# Coopers bring out a new seasonal range of tap beer



## Ducatiboy stu (30/4/16)

In other news from my local Coopers rep...

Coopers are bringing out a seasonal range of tap beer only, in limited numbers of 1200-1500 kegs total per batch, with only 1 batch changing every 2 months

Each batch will be a different beer

The first is to be an IPA....( I think thats what he said..he had filled me full of pale, so memory is a bit rough )

So for pubs with a swinging tap you can expect to see a different beer every 2 months

Naturally, my local with be having these beers on tap


----------



## sp0rk (30/4/16)

Huh, I asked about it on the tour last week and was told they wouldn't be doing any experiments :/
Might have to see if Warners At The Bay will be getting a few kegs in for growler fills


----------



## Ducatiboy stu (30/4/16)

sp0rk said:


> Huh, I asked about it on the tour last week and was told they wouldn't be doing any experiments :/
> Might have to see if Warners At The Bay will be getting a few kegs in for growler fills


From what I was told, they arent experimental beers, just limited release beers


----------



## Bribie G (30/4/16)

Did he mention at all what's happening with Brooklyn Brewery? Coopers announced a while ago that they were going to BUL but nothing since.


----------



## Ducatiboy stu (30/4/16)

Bribie G said:


> Did he mention at all what's happening with Brooklyn Breweries? They announced a while ago that they were going to BUL but nothing since.

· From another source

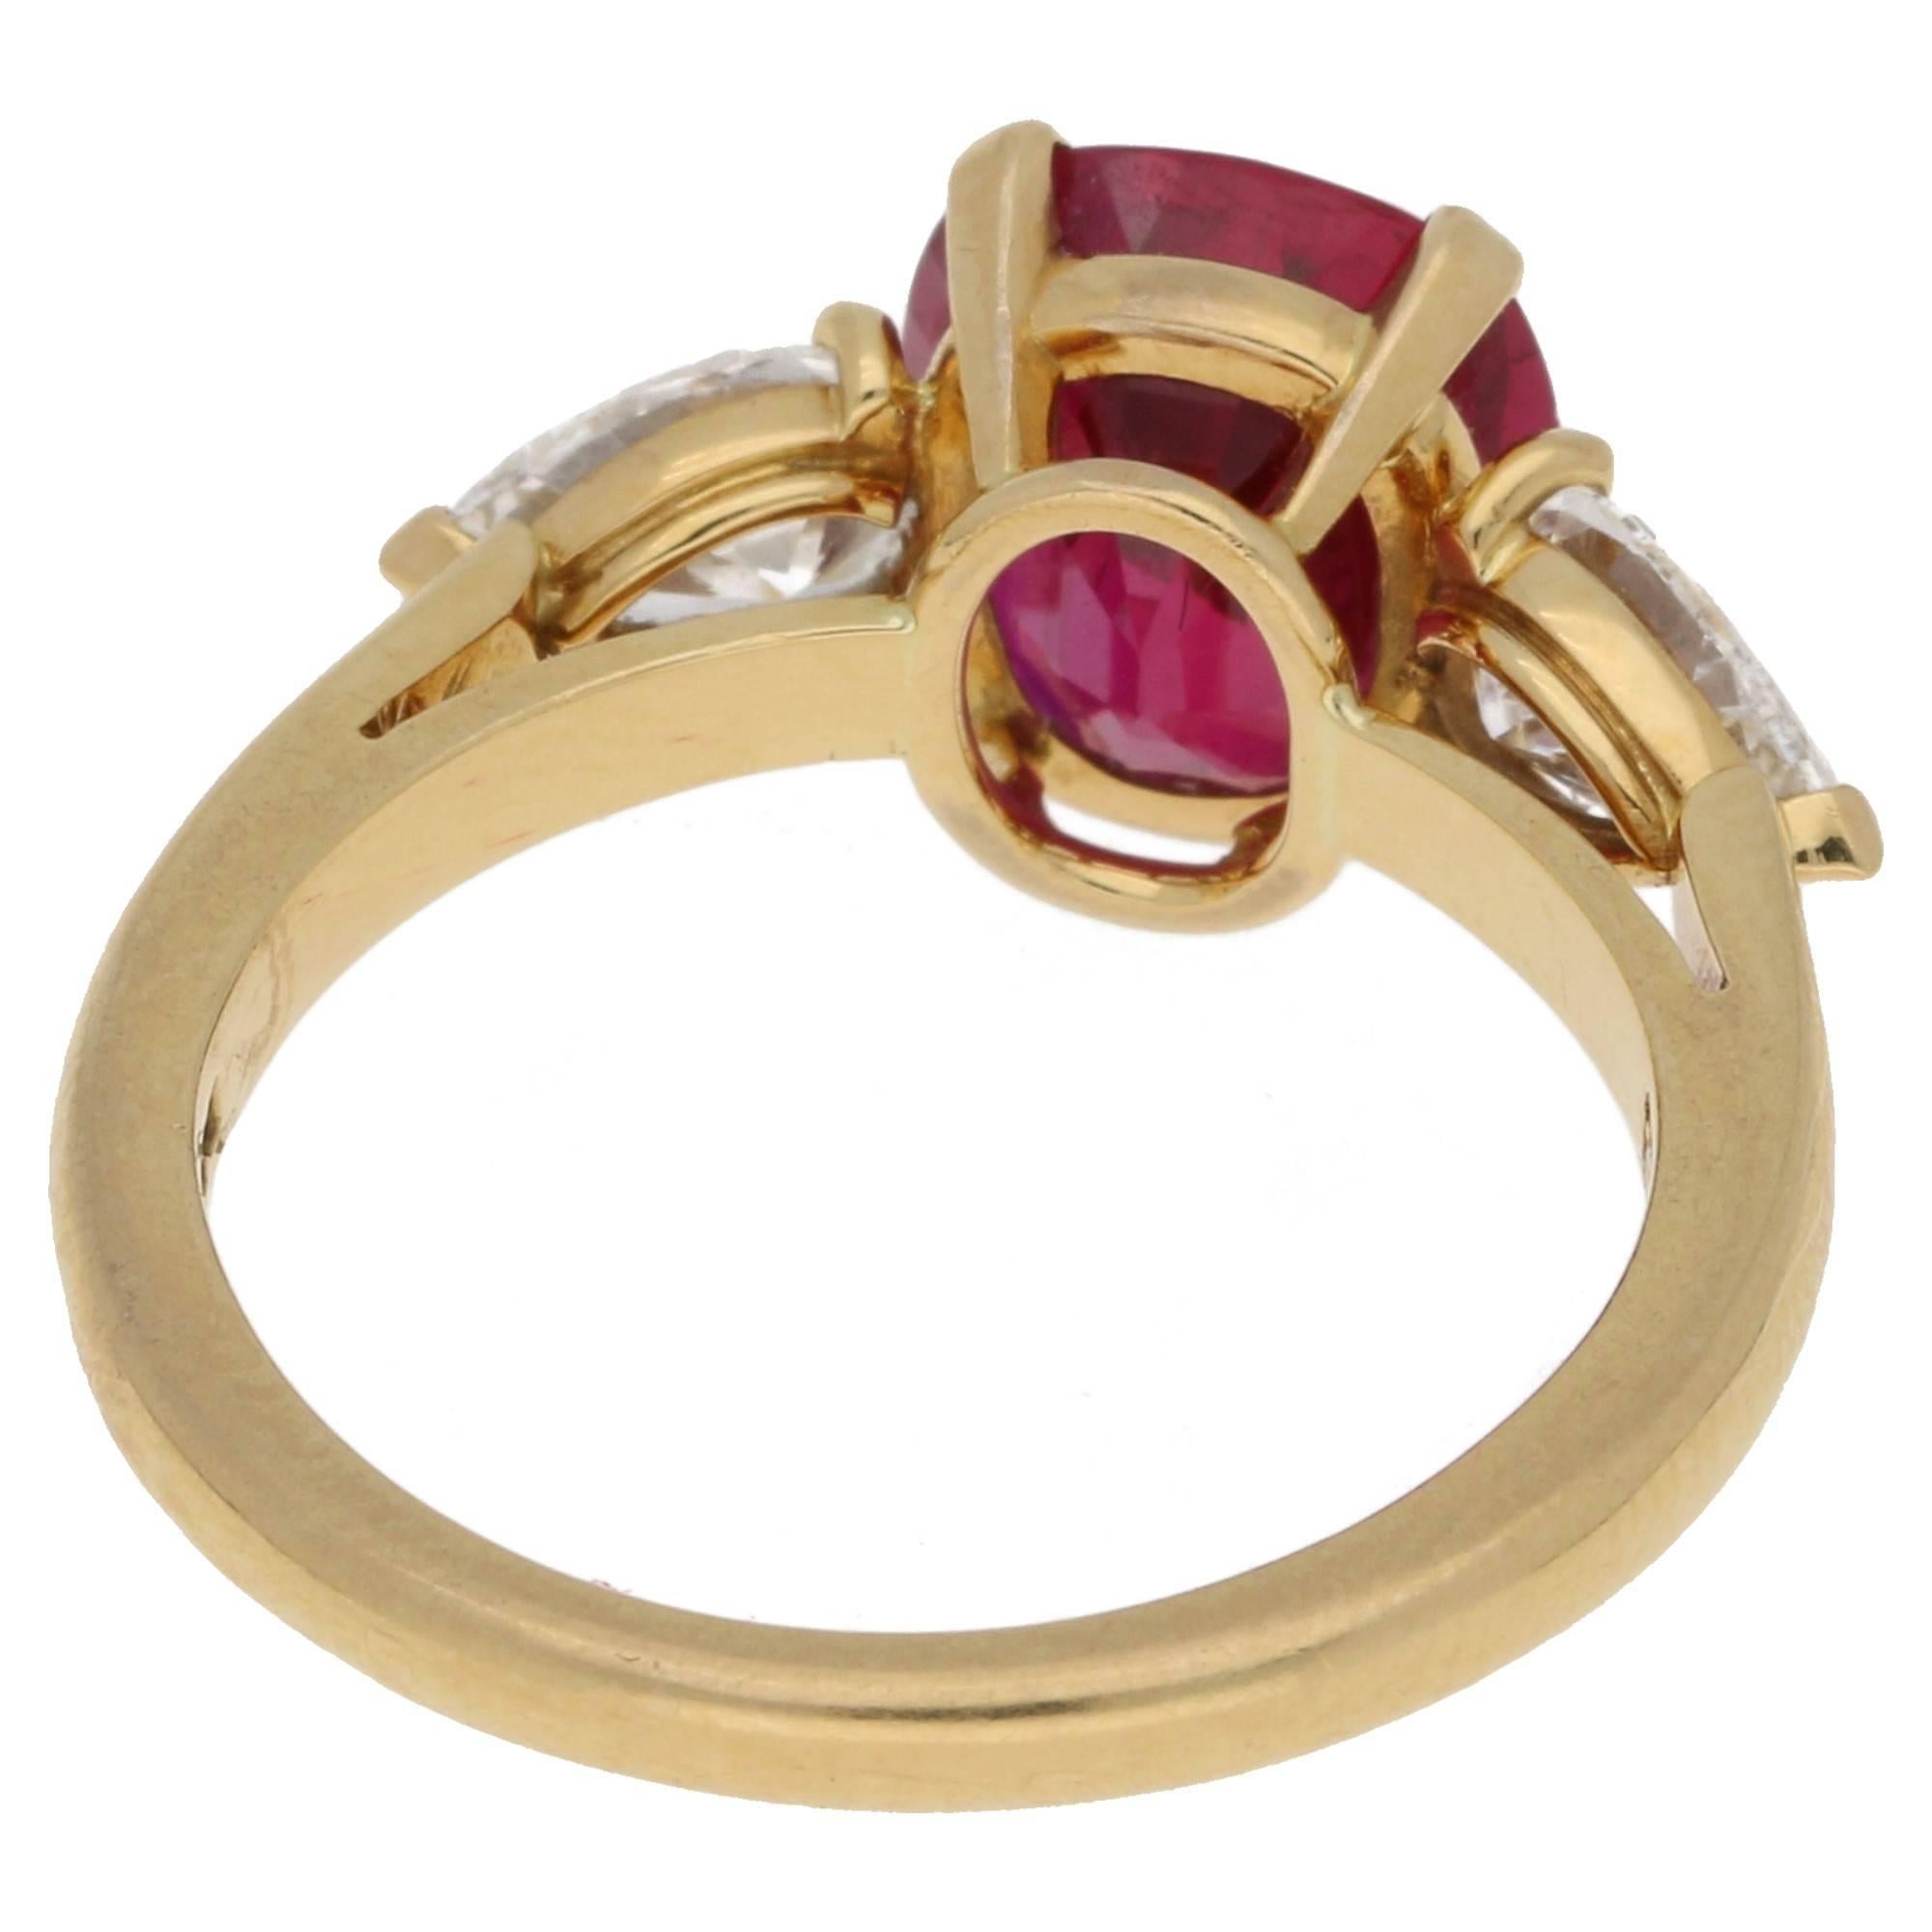 Pear Cut Burmese Ruby and Flawless Diamond Engagement Ring in 18k Yellow Gold

He has mentioned that in the past...

It may be tied in with the new malting plant


----------



## sp0rk (30/4/16)

They're already brewing them here under licence


----------



## Bribie G (30/4/16)

Have you spotted any?


----------



## soundawake (4/6/16)

Drank the Coopers Brew A IPA. 6%, 60IBU. The beer was marketed as a cloudy ale... and boy was that an understatement. It was a slurry. A soup. I spoke to the bar manager about it, they pour only Coopers so they know how to handle the kegs. Stored upside down before tapping, keg rolled before tapping.The manager shrugged his shoulders and said he didn't know why it was so thick. Light barely passed through it.

Yeast character was very dominant. Subtle dry hop aroma. Very subtle.

Over all, was underwhelmed.


----------



## lost at sea (4/6/16)

ive had that happen to a standard coopers pale on tap at a local a few years ago, seriously looked like pea and ham soup (minus the ham) i drank mine, my mate pussed out, never seen it happen again.


----------



## soundawake (5/6/16)

I should add that other people have tried the IPA at different venues and all have reported the same murky beer.


----------



## xenon2000 (5/6/16)

Bribie G said:


> Did he mention at all what's happening with Brooklyn Brewery? Coopers announced a while ago that they were going to BUL but nothing since.


 The Brooklyn that is on tap locally here in SA (mainly at Coopers Alehouses) is brewed at Coopers, but all the bottles and cans are still imported. Apparently the Brooklyn guys were pretty underwhelmed with Coopers take on it , and did agree to let them produce the kegged version for local consumption but wont let them bottle or can it as the difference is quite prominent.


----------